Features

Tim Licata's War Games

By Anna Jeffereys '93

In 1994, in an off-off Broadway theaterin Manhattan, a young actor performed in a production of Bertolt Brecht's early absurdist tragicomedy of war, Man Is Man. The story portrays four men in a British machine gun unit in India, each of whom is far more interested in drinking beer than in fighting the British cause. As the play unfolds, the comic gunners persuade an innocent man they pluck from the street that he, too, is a soldier; by the final scene, the comedy has turned to tragedy. The new recruit has become the most vicious soldier of all and joins in the attack and burning of a fortress that turns out to be full of innocent women and children.

Performing this play by day and returning home each night to watch images of the Bosnian conflict on the news, Tim Licata '86 was struck by the play's relevance to the situation in Bosnia. "One news program featured a special report which included an interview with a sniper hidden in a Sarajevo highrise," Licata recalls. "Only his voice was heard. He described how he would shoot people in the streets below. I remember him saying, 'By now I don't see people as human anymore, just targets. I am a completely different person than before this war.' This is exactly what this play is about." Licata remembers thinking, Man Is Man should be done in the Balkans.

Over time, Licata's idea took on more particulars. He began to imagine Man Is Man in a clown rendition, cast with actors drawn from the Balkan's several ethnic groups. Clowns operate in a politically neutral area, and in their realm everything can remain play and exist as a game. Despite the horrors of Brecht's story, it has, says Licata, a Laurel-and-Hardy style plot that makes it perfect for a clown treatment. He remembers a teacher-Philippe Gaulier-saying that "a clown plays seriously as far as he can possibly go. Buster Keaton driving a train will keep driving it until it is completely destroyed." The soldiers in Man Is Man follow their mission until a village is destroyed. Only afterwards do they realise the tragic and absurd folly of their actions. They cross the line from humor to tragedy. While the evolution occurs in front of the audience's eyes, they can identify and laugh with the four soldiers' reckless but very human quest to "drink a beer and have a smoke" while escaping the grim reality of their situation.

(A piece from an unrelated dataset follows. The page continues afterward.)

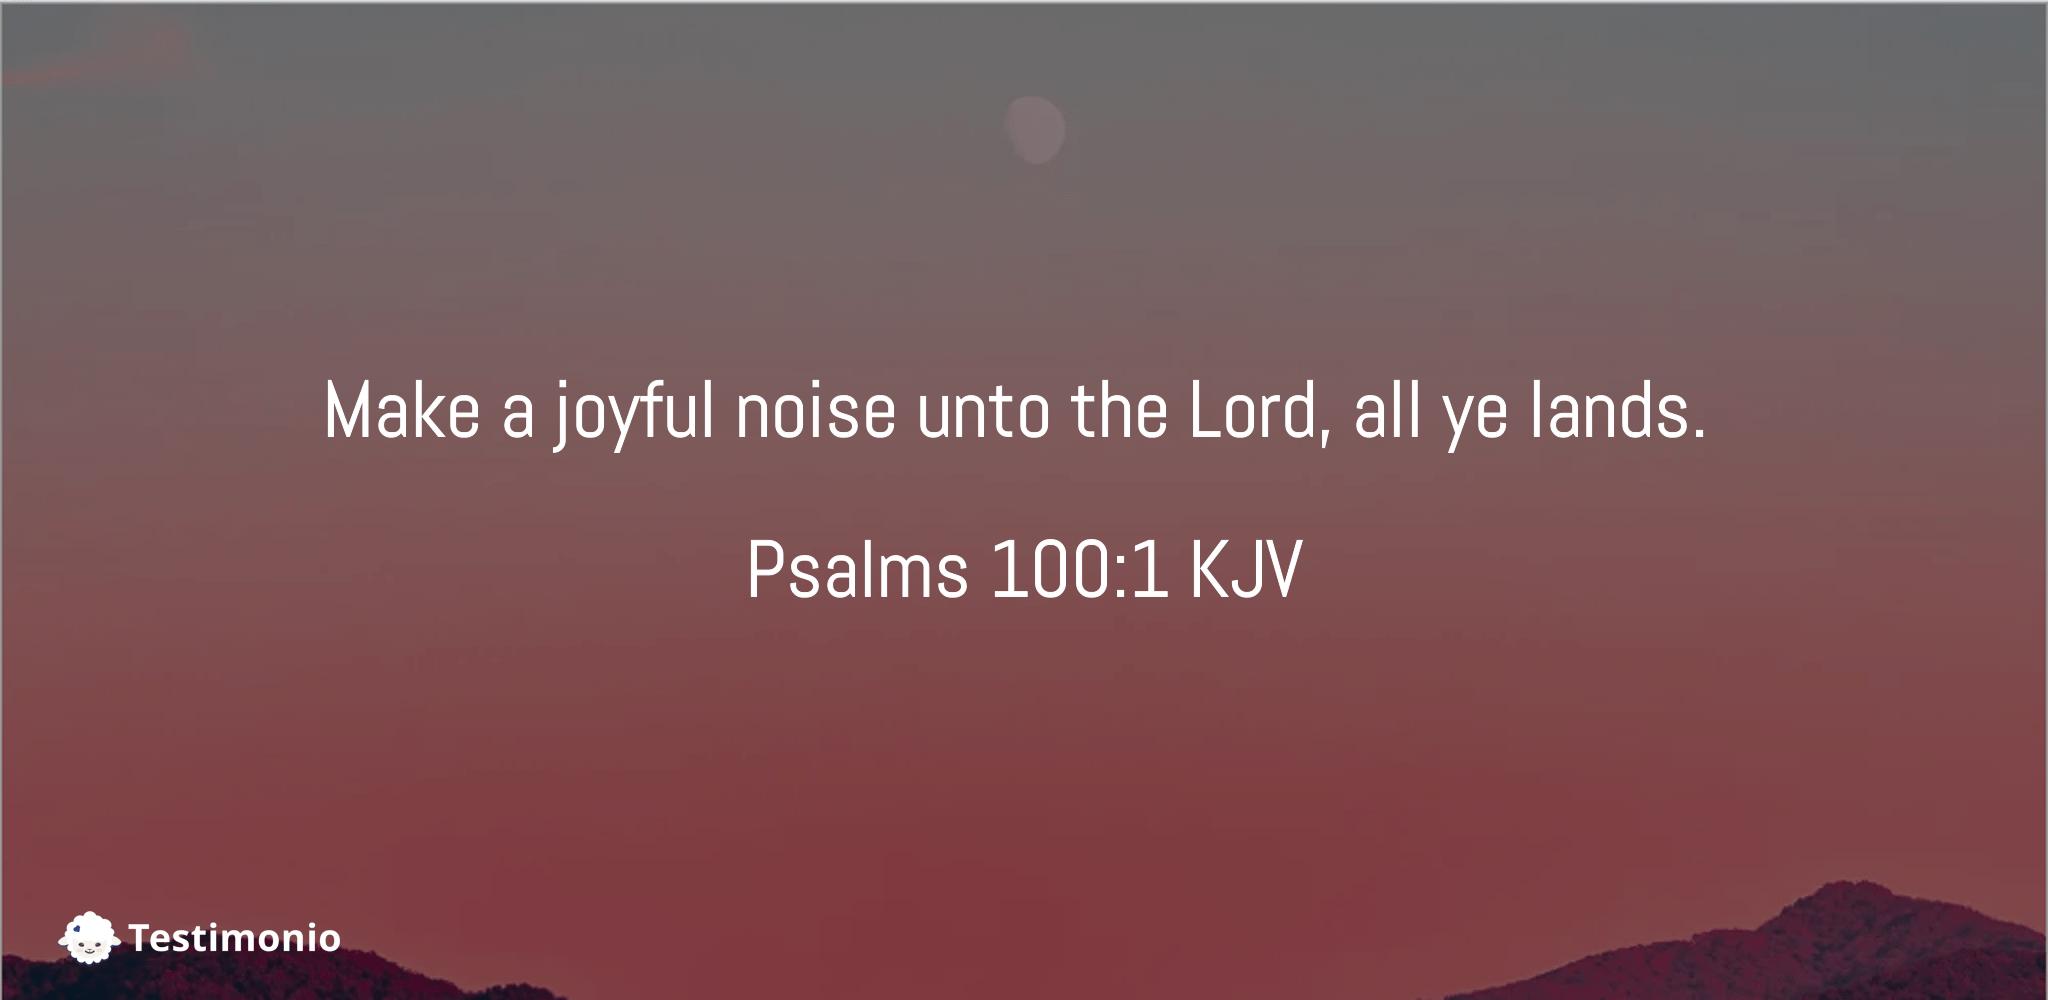 Psalms 100:1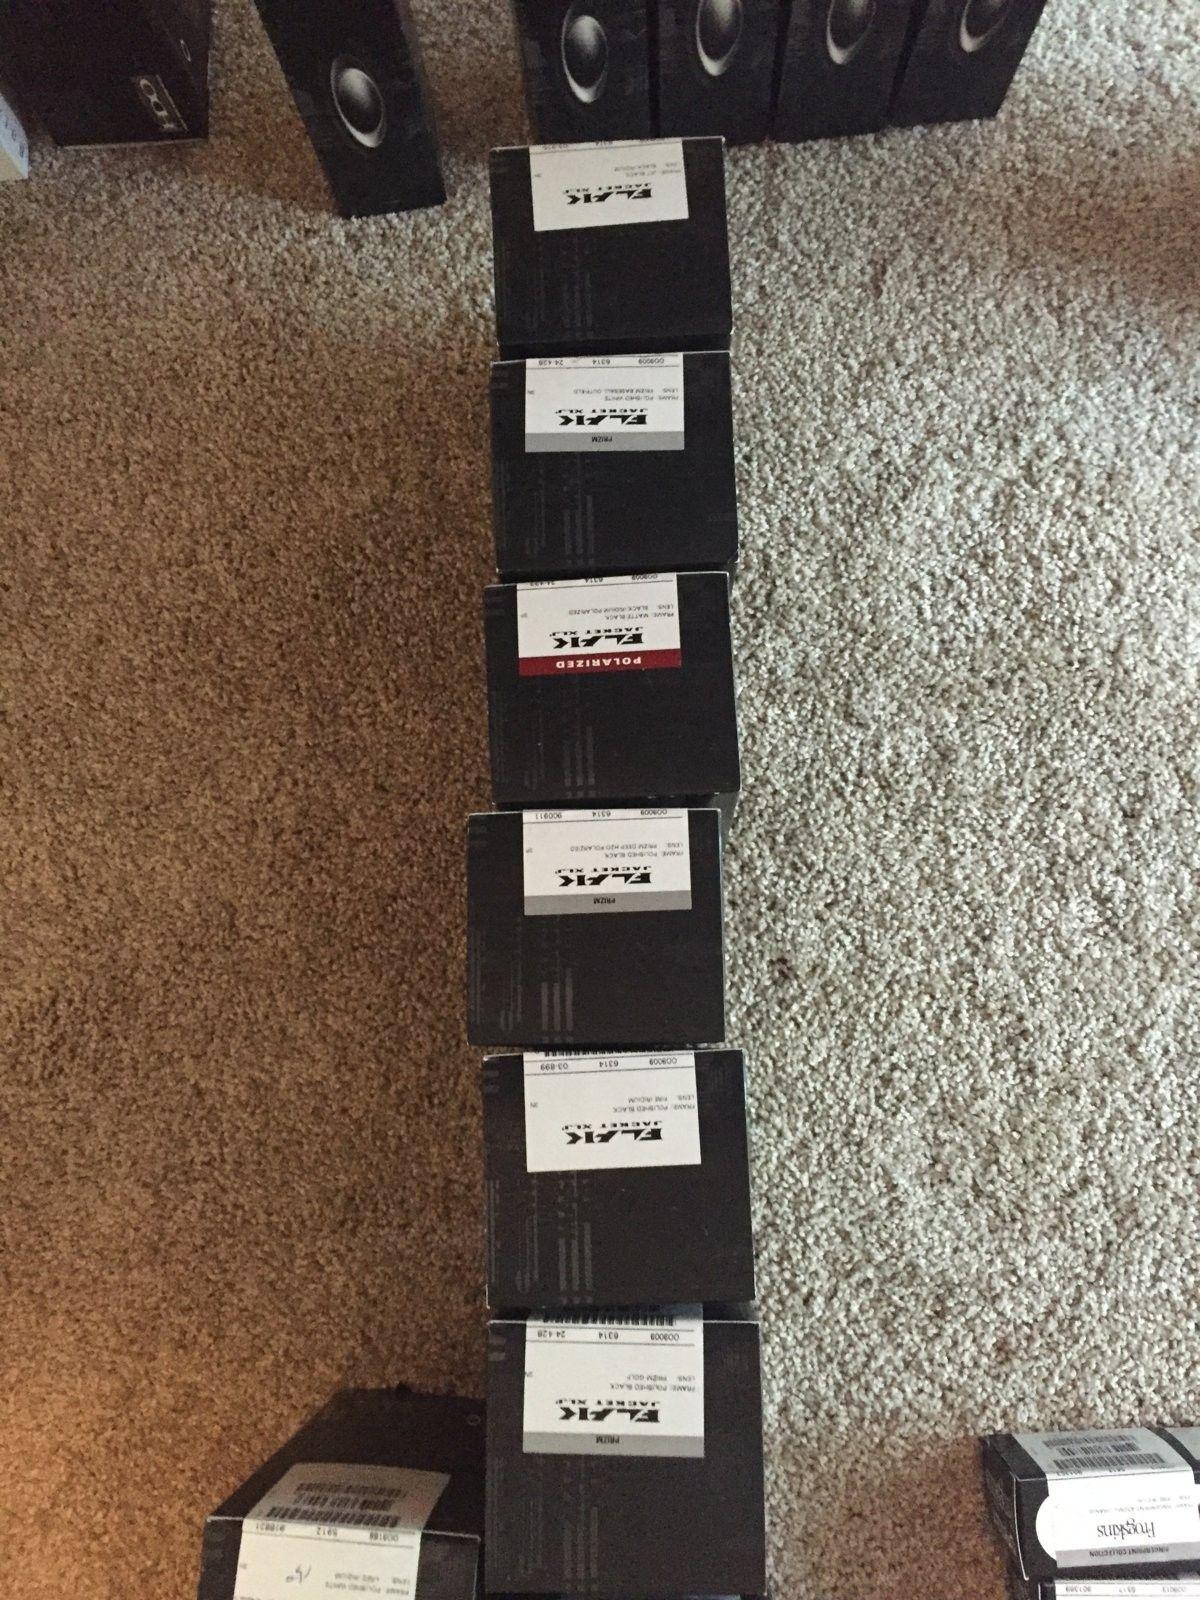 Large lot of Oakleys for sale LIST UPDATED HUGE PRICE DROP!!!! 6/22/16 - image5.JPG

"My vision was to work with performers from various regions of the Federation of Bosnia & Herzegovina and the Republic Srpska to give people an opportunity to work together creatively, and, most importantly, to create a play that could make people laugh," says Licata.

He had no illusions of dissolving ethnic barriers, reconciling estranged neighbours, or nurturing the prospects of long-term peace, but he did feel that the processes involved in such a production could help to build up the bricks that were essential to forge individual trust and understanding in specific communities. Young artists are in a position to start the cultural wheels rolling again; the work they create can be enjoyed by everyone and help to begin to rebuild a sense of community.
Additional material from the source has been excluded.